Task — Without changing a word, return the listing below, minus its images.

Data excerpt —
=== Section Start ===

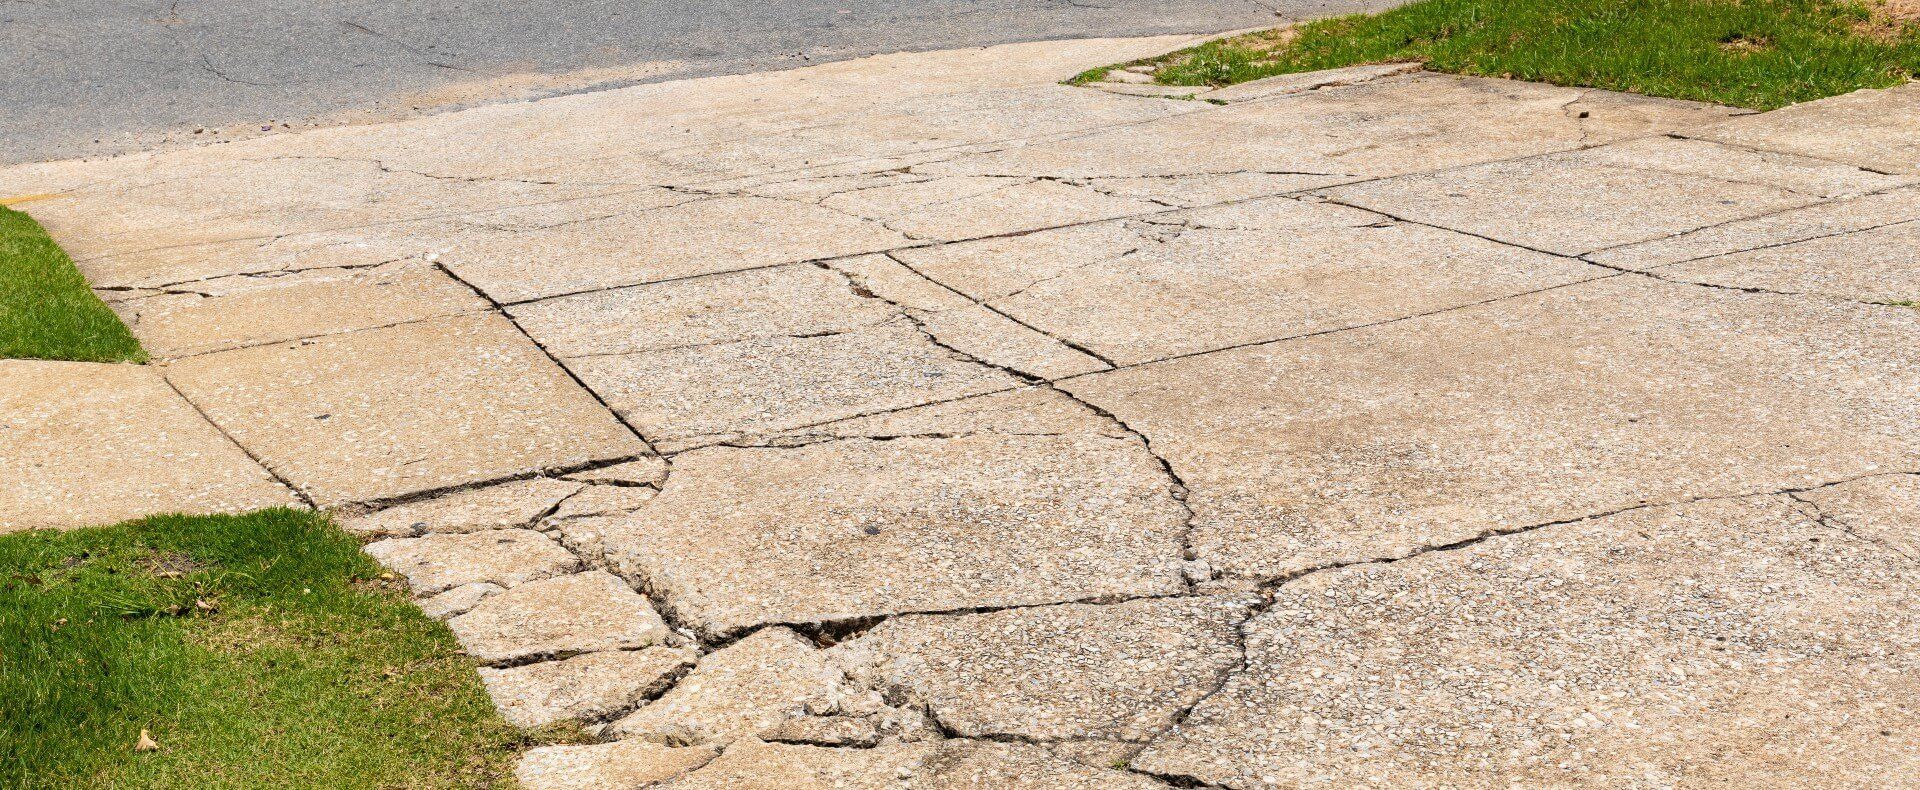 Cracks and damage in a concrete driveway
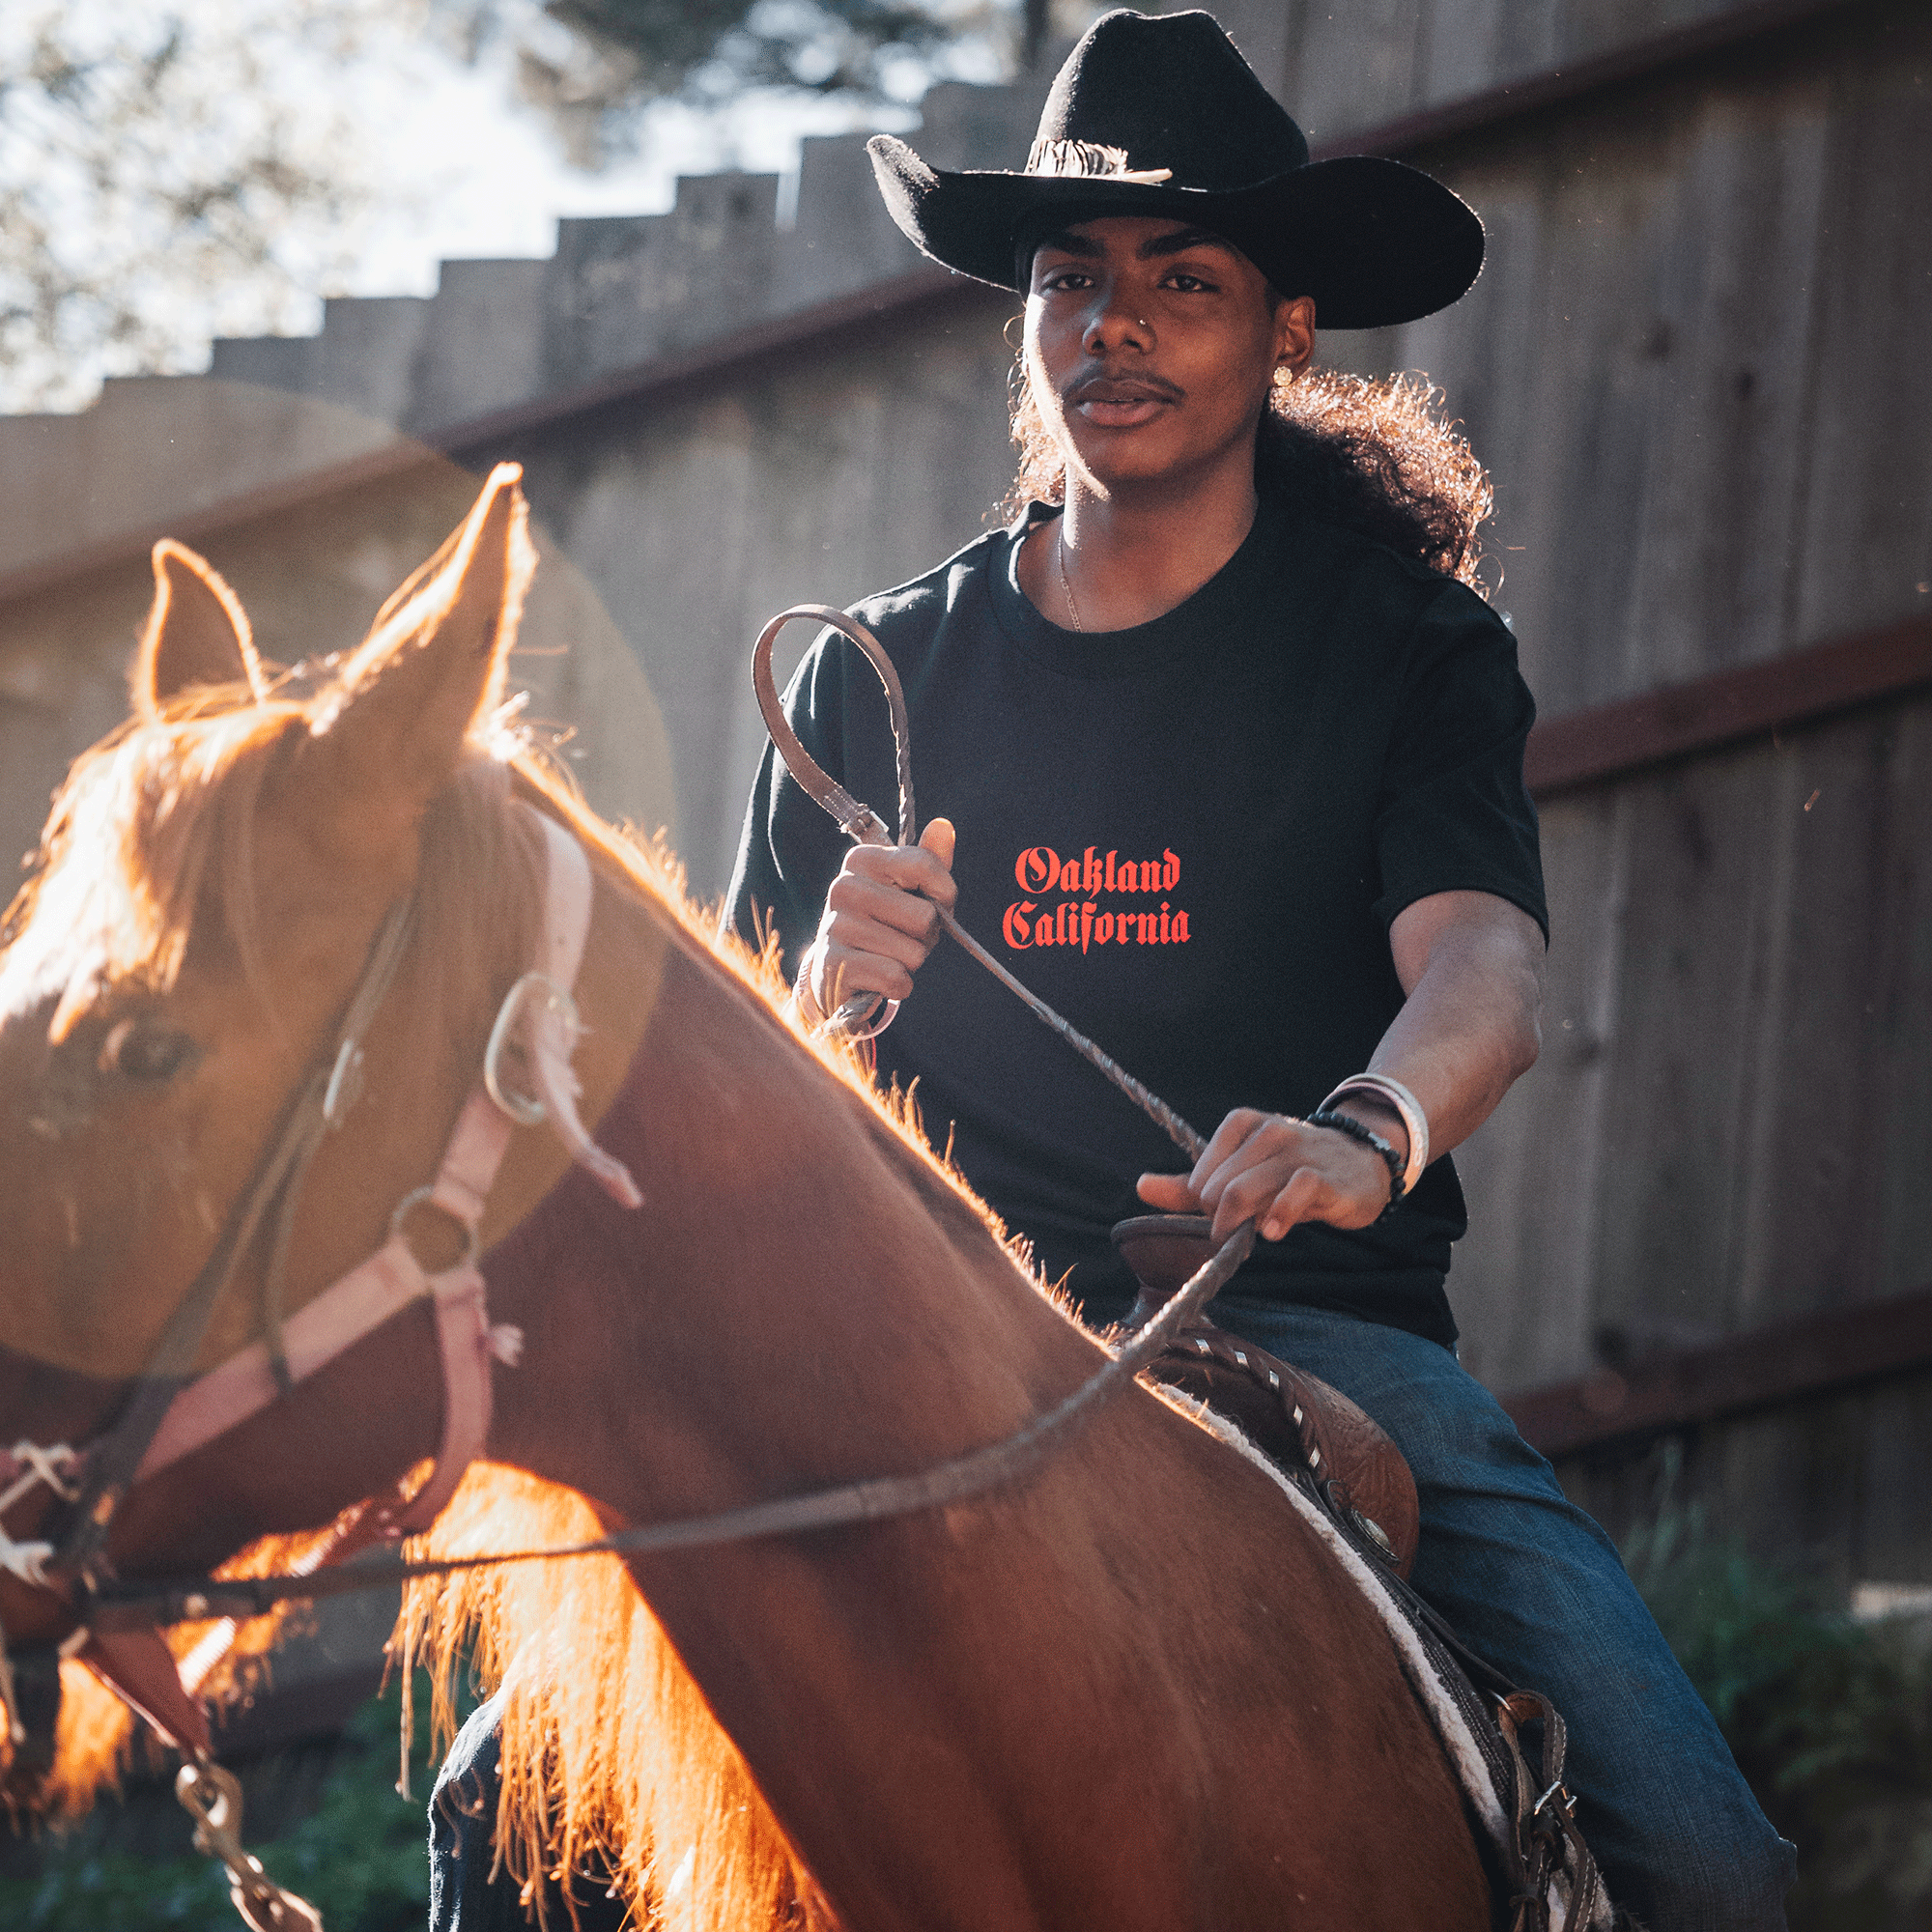 Model on a horse wearing  black tee with Oakland California printed centered in red ink.
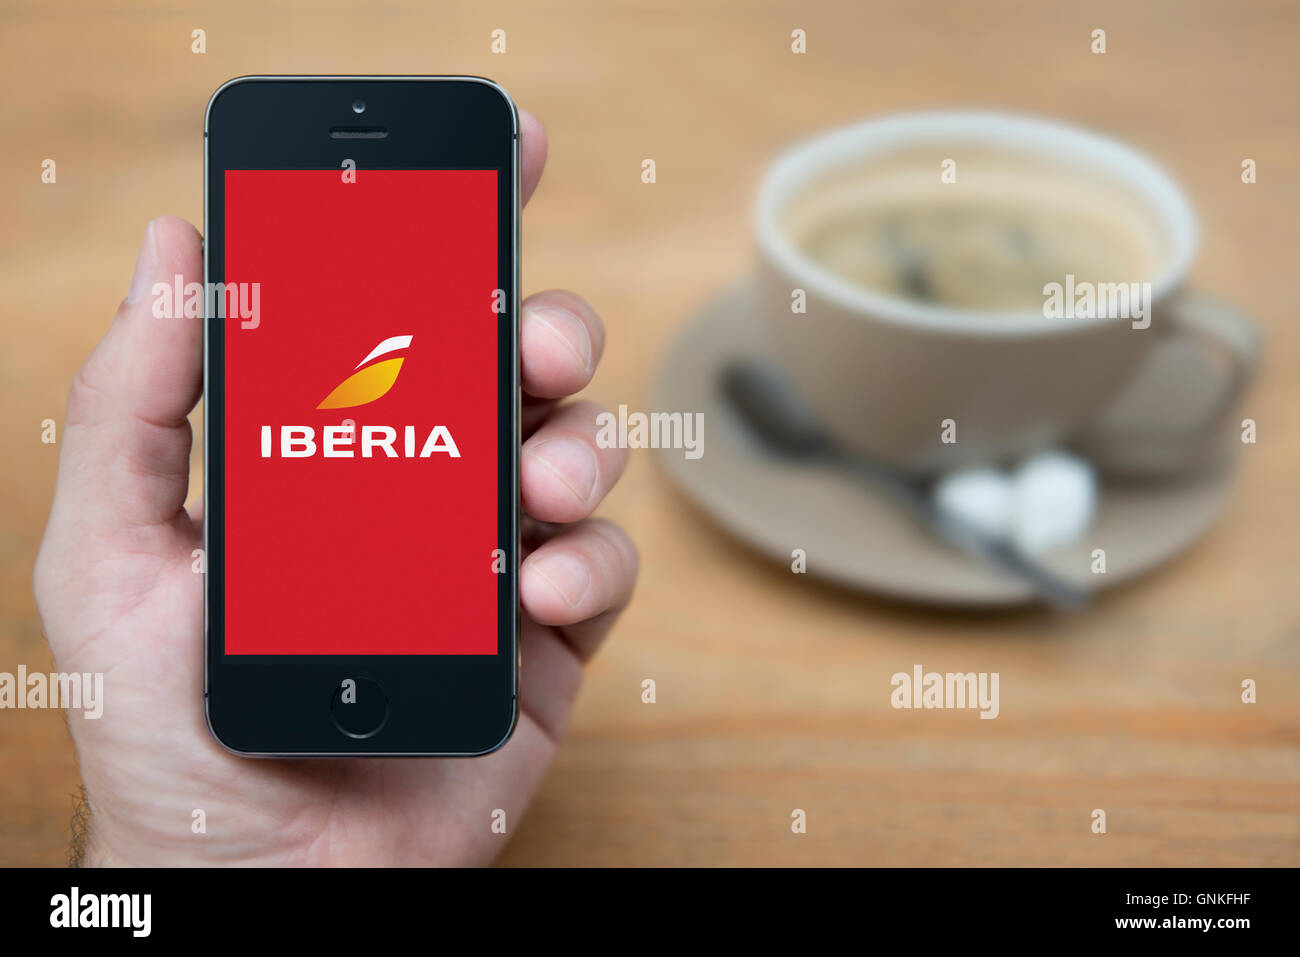 A man looks at his iPhone which displays the Iberia airline logo, while sat with a cup of coffee (Editorial use only). Stock Photo

=== Section End ===

Problem solution —
 Cracks and damage in a concrete driveway
 Model on a horse wearing  black tee with Oakland California printed centered in red ink.
 A man looks at his iPhone which displays the Iberia airline logo, while sat with a cup of coffee (Editorial use only). Stock Photo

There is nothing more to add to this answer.